MATERIAL FOR THE TASK START
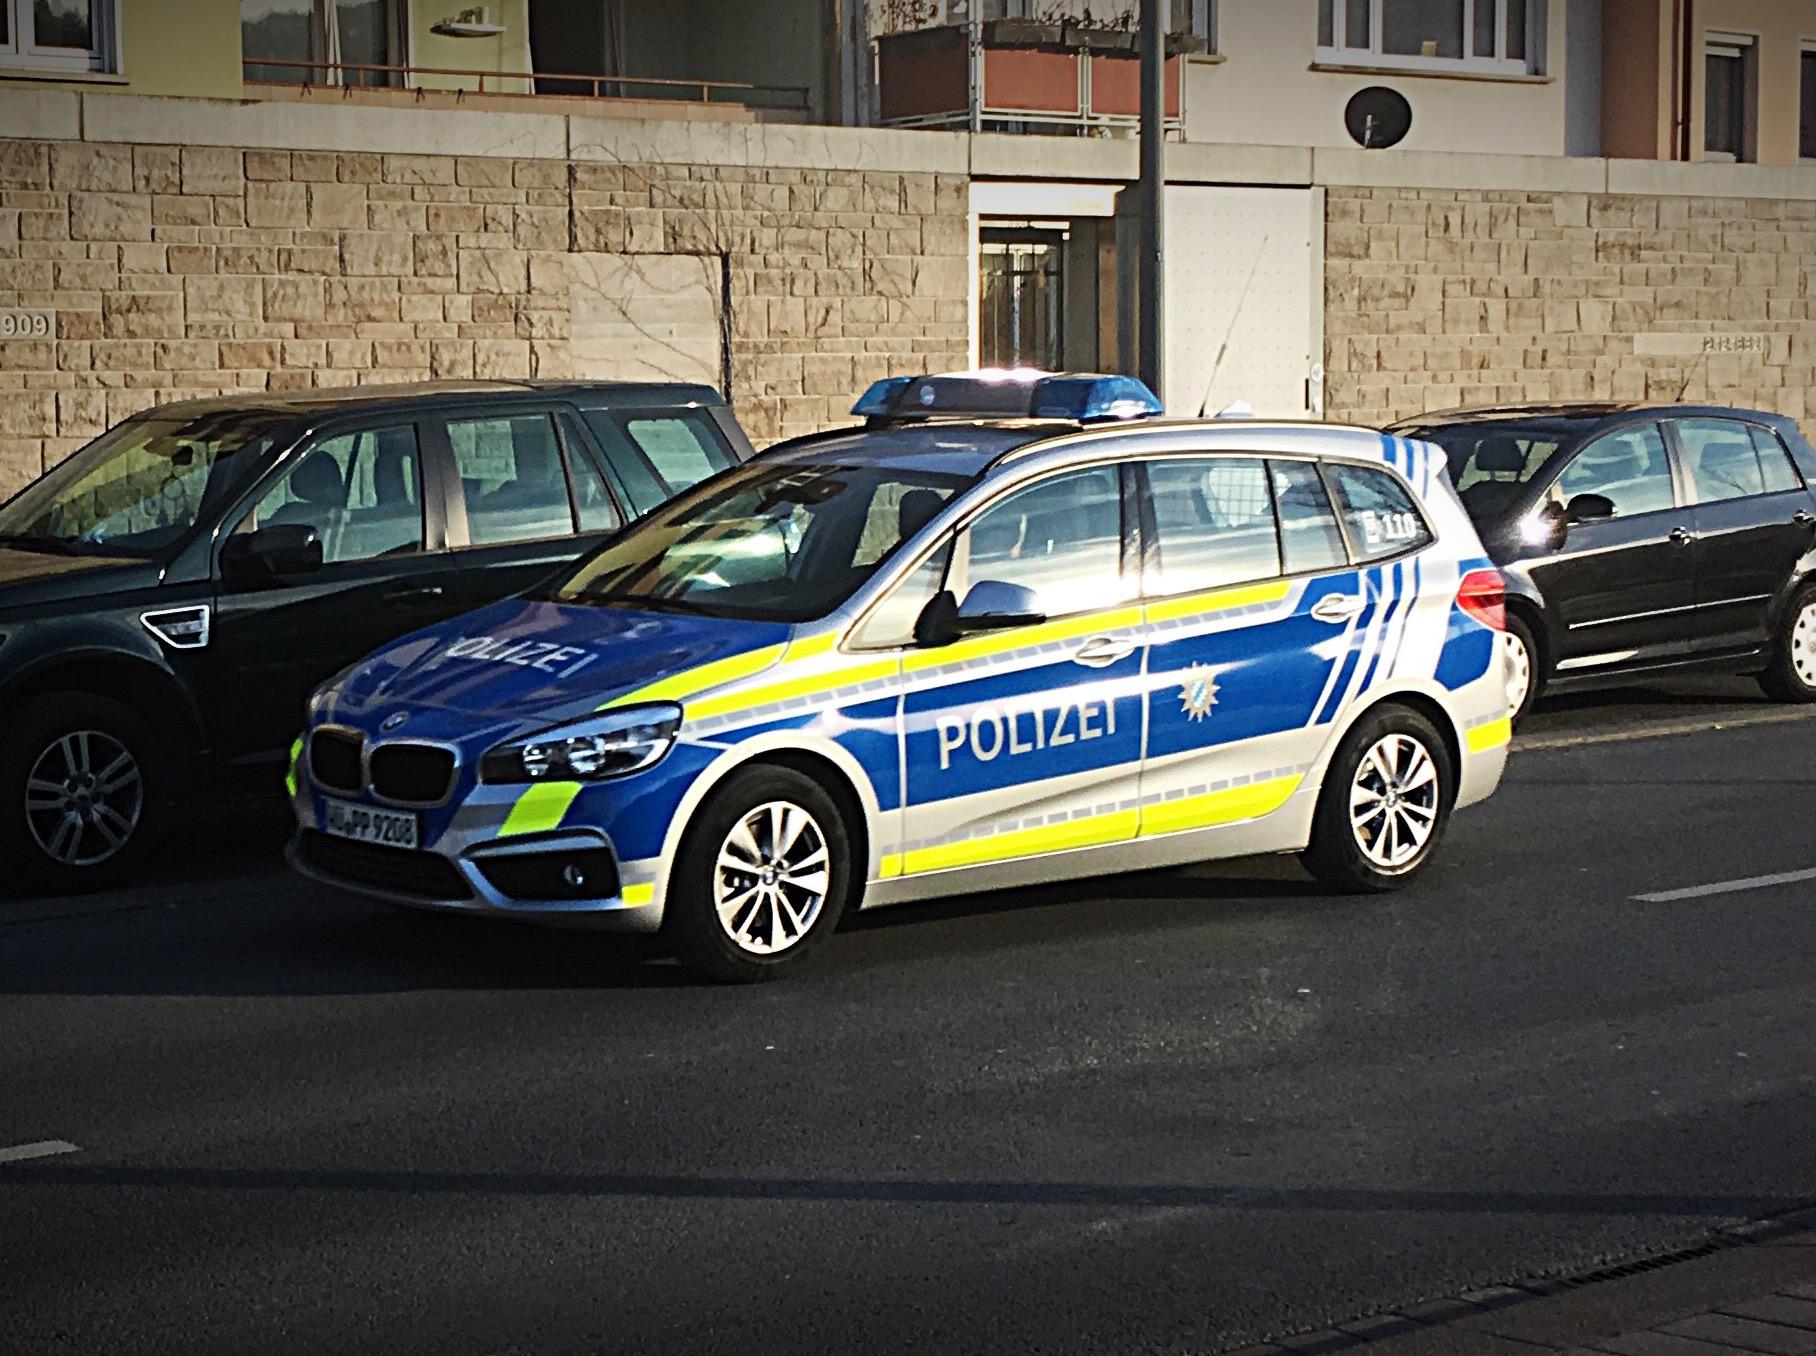 bmw 2er gran tourer im ende 2016 eingefhrten blauen design mit gelben vesba warnmarkierungen - Bewerbung Polizei Bayern
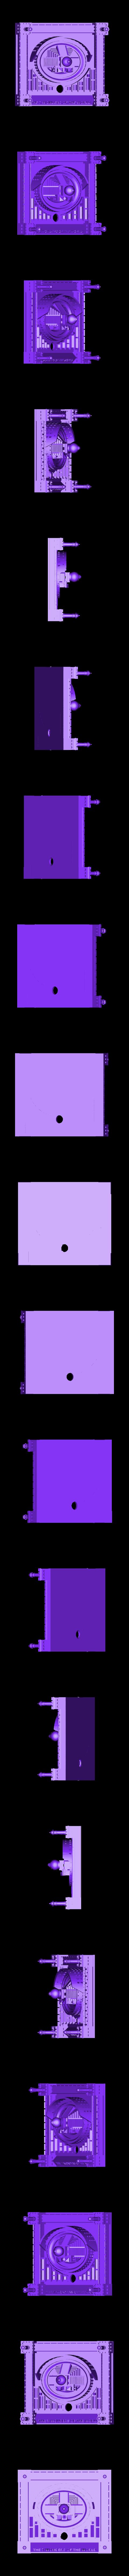 7_wonders_mashed_alt.stl Télécharger fichier STL gratuit Nouveau casse-tête des 7 merveilles • Design pour impression 3D, Beardoric
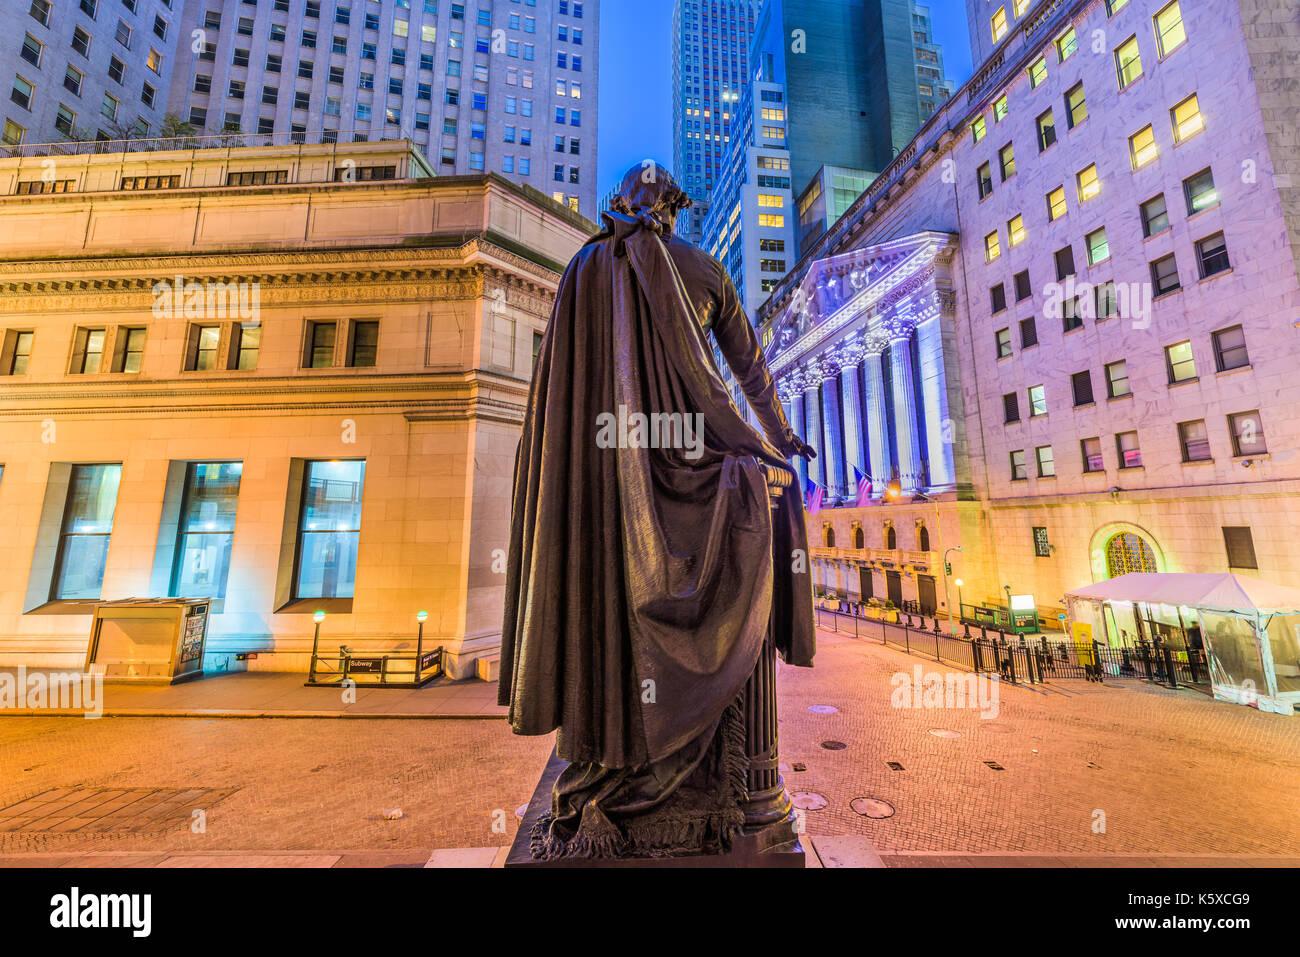 La ville de New York, USA sur Wall Street de federal hall dans le lower Manhattan. Photo Stock
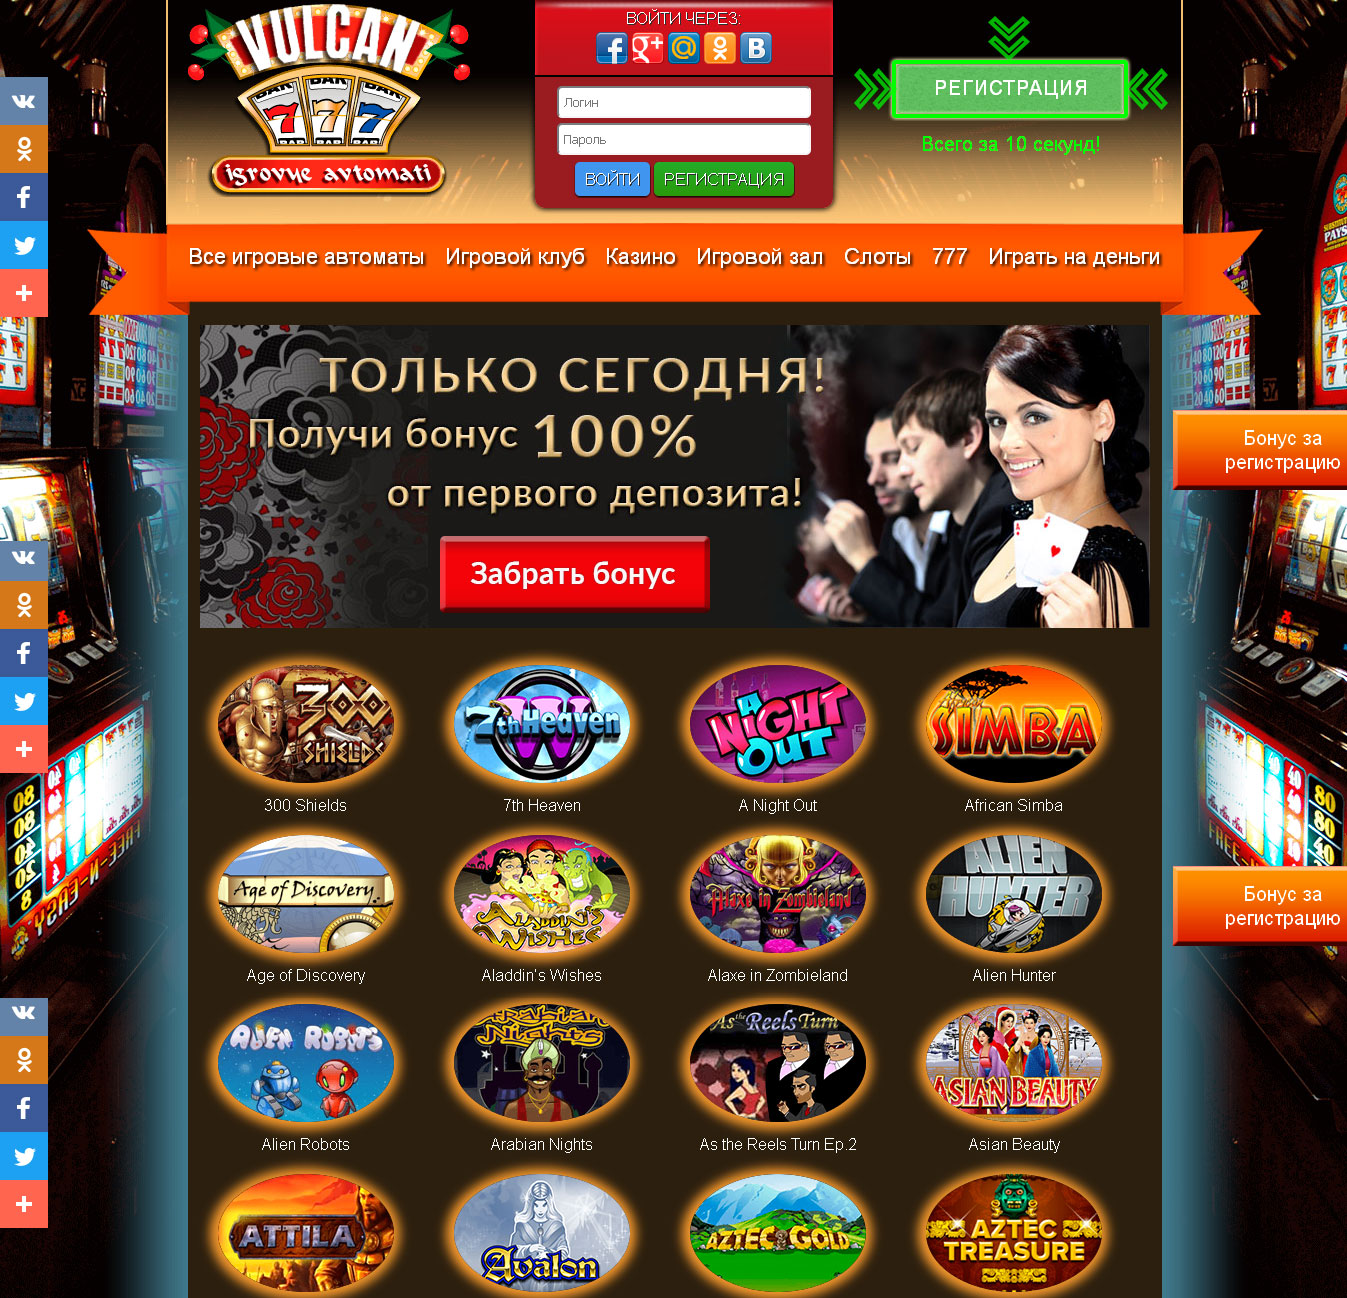 Бесплатные игровые автоматы Вулкан в онлайне
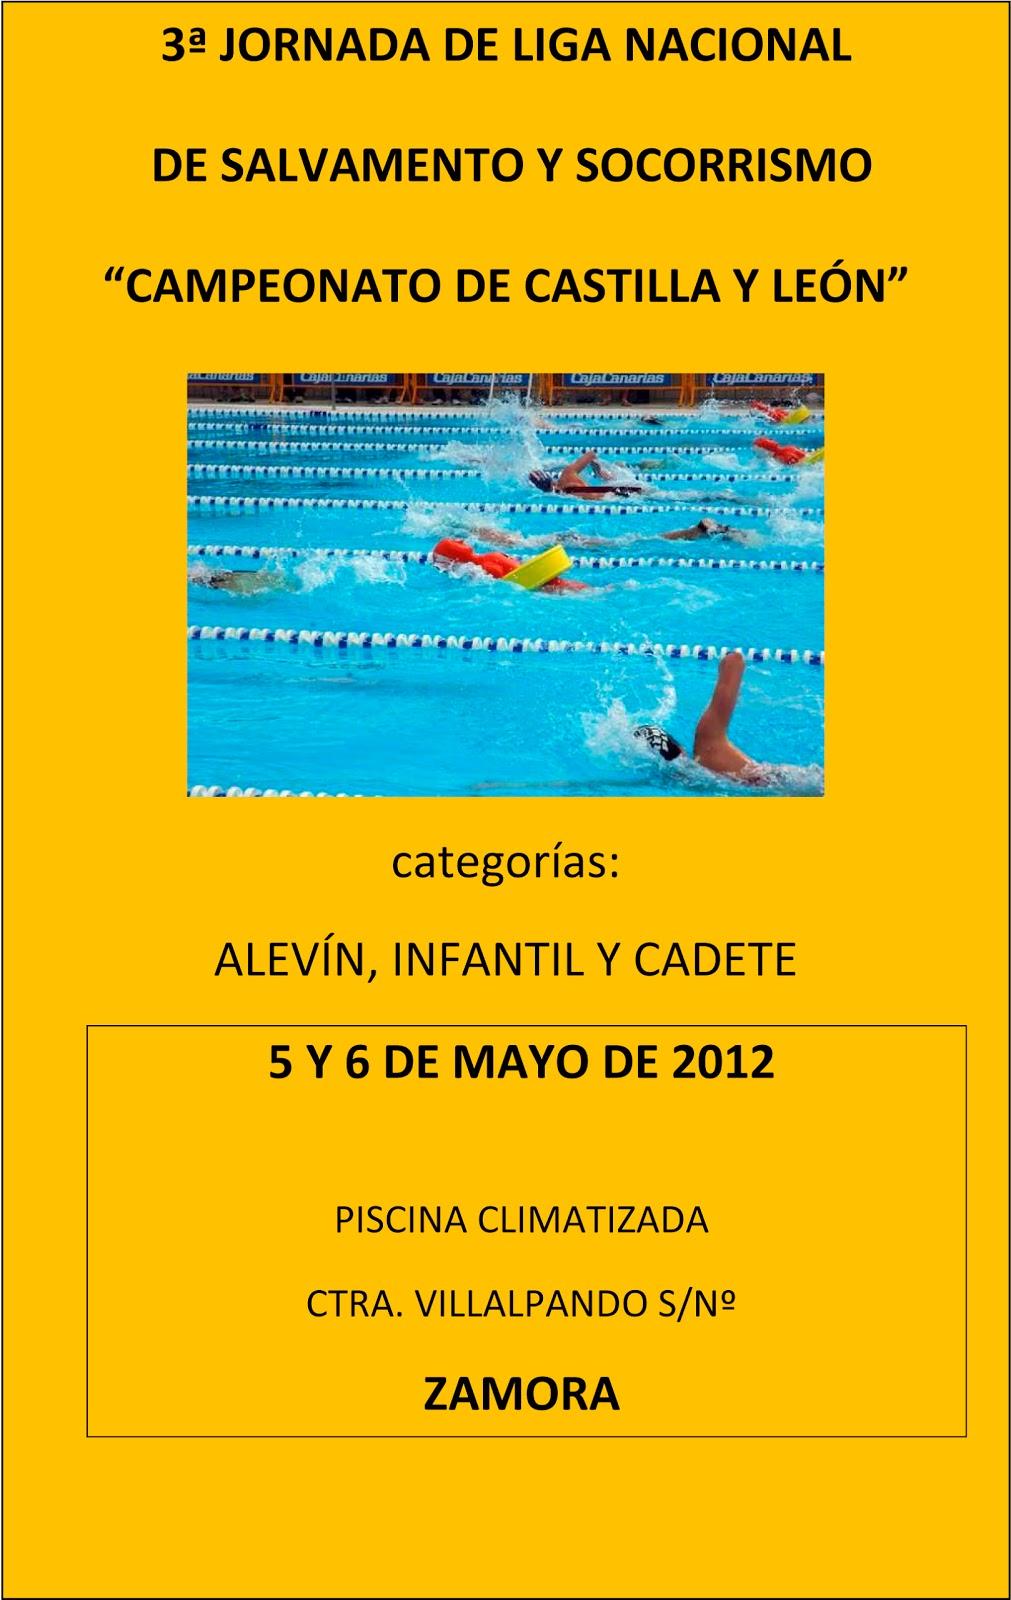 Cluboca sos campeonato castilla y leon zamora 5 y 6 de mayo for Piscina climatizada de zamora
MATERIAL FOR THE TASK END
* WHAT IS NEEDED *
The reply has to reproduce every line above verbatim and contain no pictures.

* RESPONSE AREA *
 bmw 2er gran tourer im ende 2016 eingefhrten blauen design mit gelben vesba warnmarkierungen - Bewerbung Polizei Bayern
 7_wonders_mashed_alt.stl Télécharger fichier STL gratuit Nouveau casse-tête des 7 merveilles • Design pour impression 3D, Beardoric
 La ville de New York, USA sur Wall Street de federal hall dans le lower Manhattan. Photo Stock
 Бесплатные игровые автоматы Вулкан в онлайне
 Cluboca sos campeonato castilla y leon zamora 5 y 6 de mayo for Piscina climatizada de zamora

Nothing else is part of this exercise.